### Activity
An exact transcription is needed, beginning at the line with "Death note yagami" and ending at the last line of the listing, with pictures left out and nothing else added.

### Given information
[Start of section]

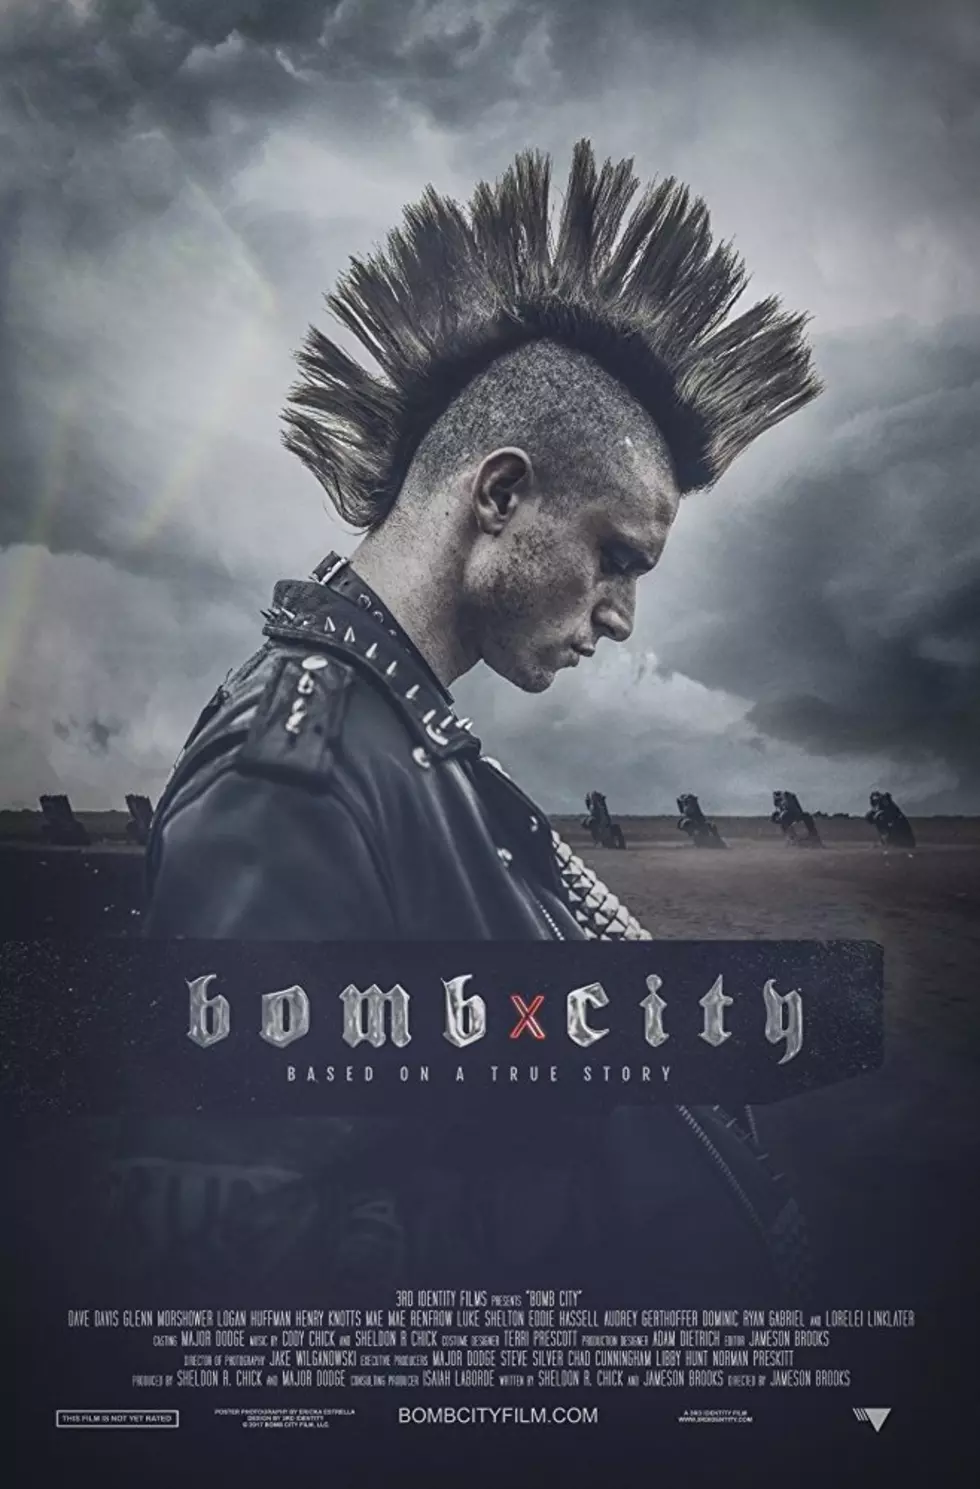 ‘Bomb City’ Film Release Extends to Lubbock Beginning February 9th
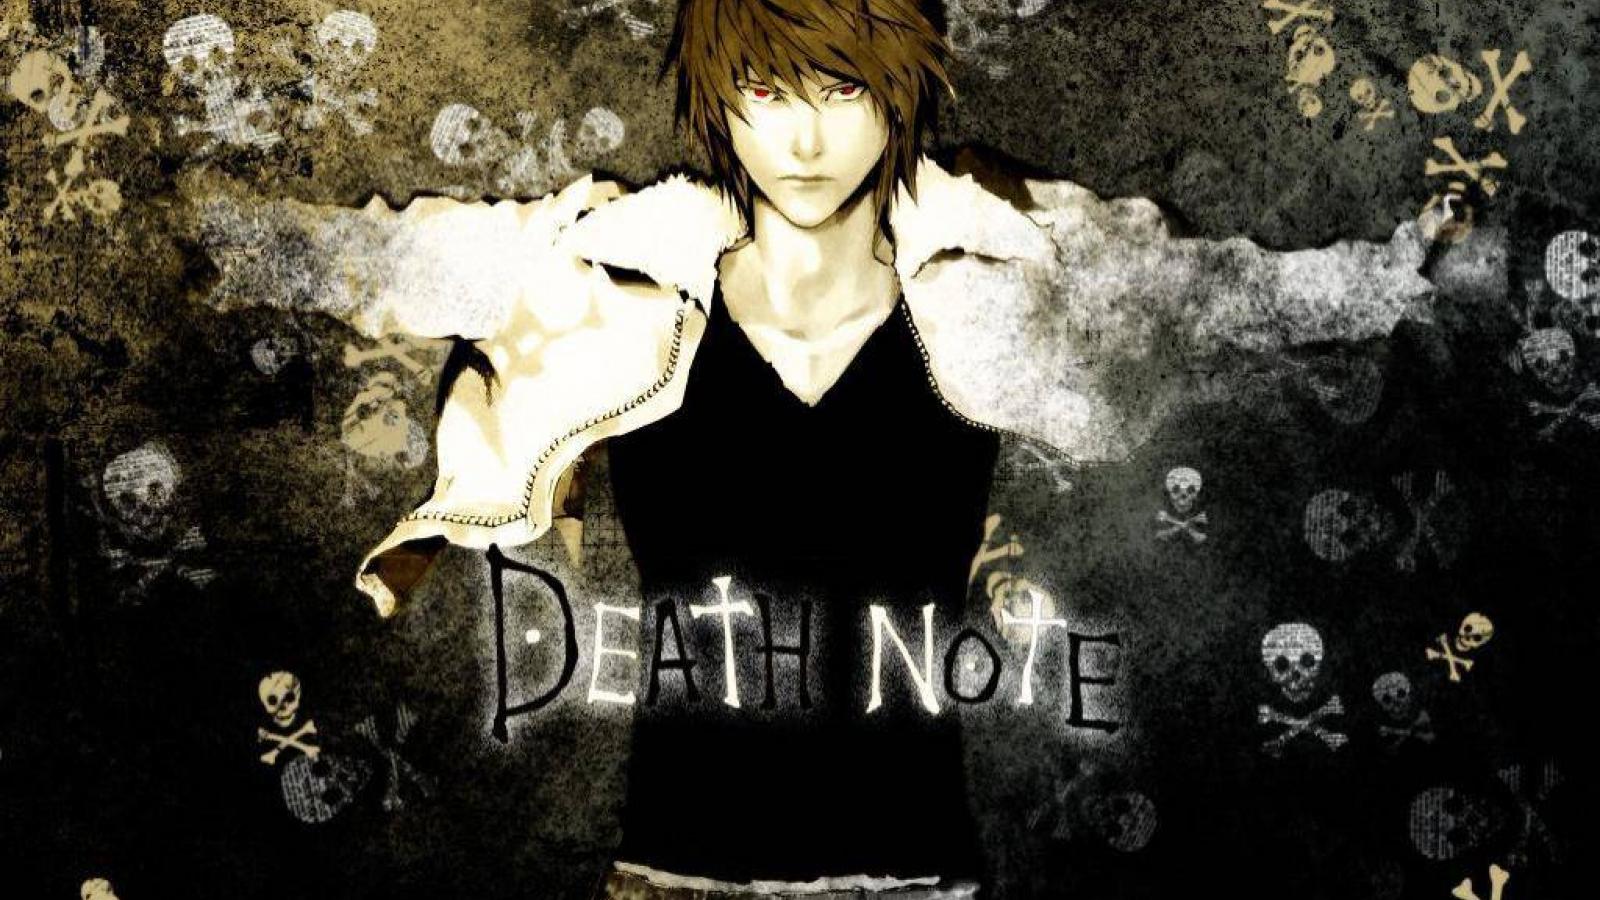 Death note yagami light l. wallpaper - (#6046) - High Quality and ...
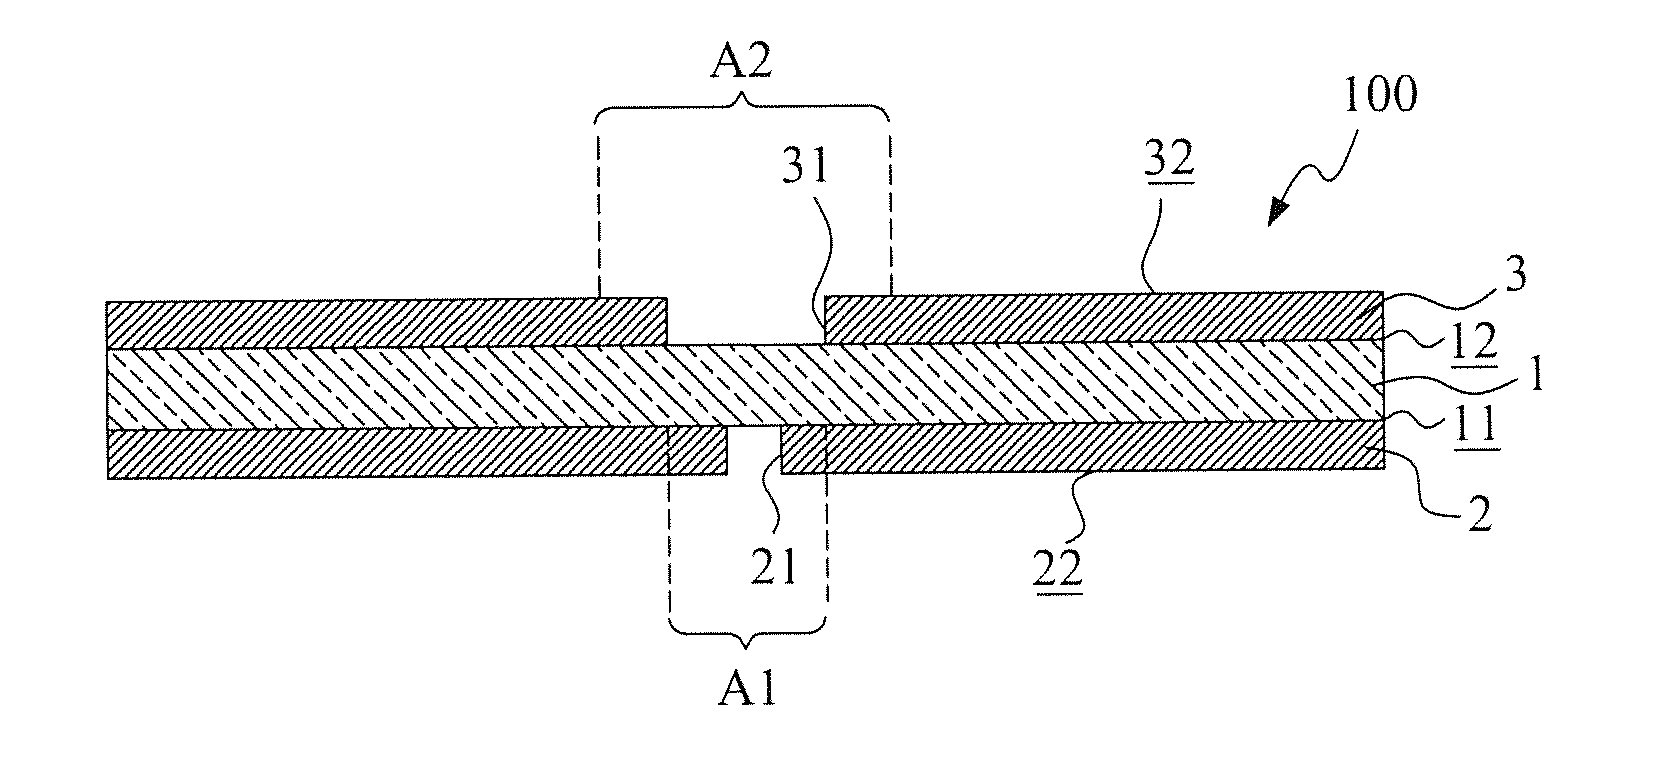 Microvia structure of flexible circuit board and manufacturing method thereof

[End of section]

### Output of the task
 Death note yagami light l. wallpaper - (#6046) - High Quality and ...
 Microvia structure of flexible circuit board and manufacturing method thereof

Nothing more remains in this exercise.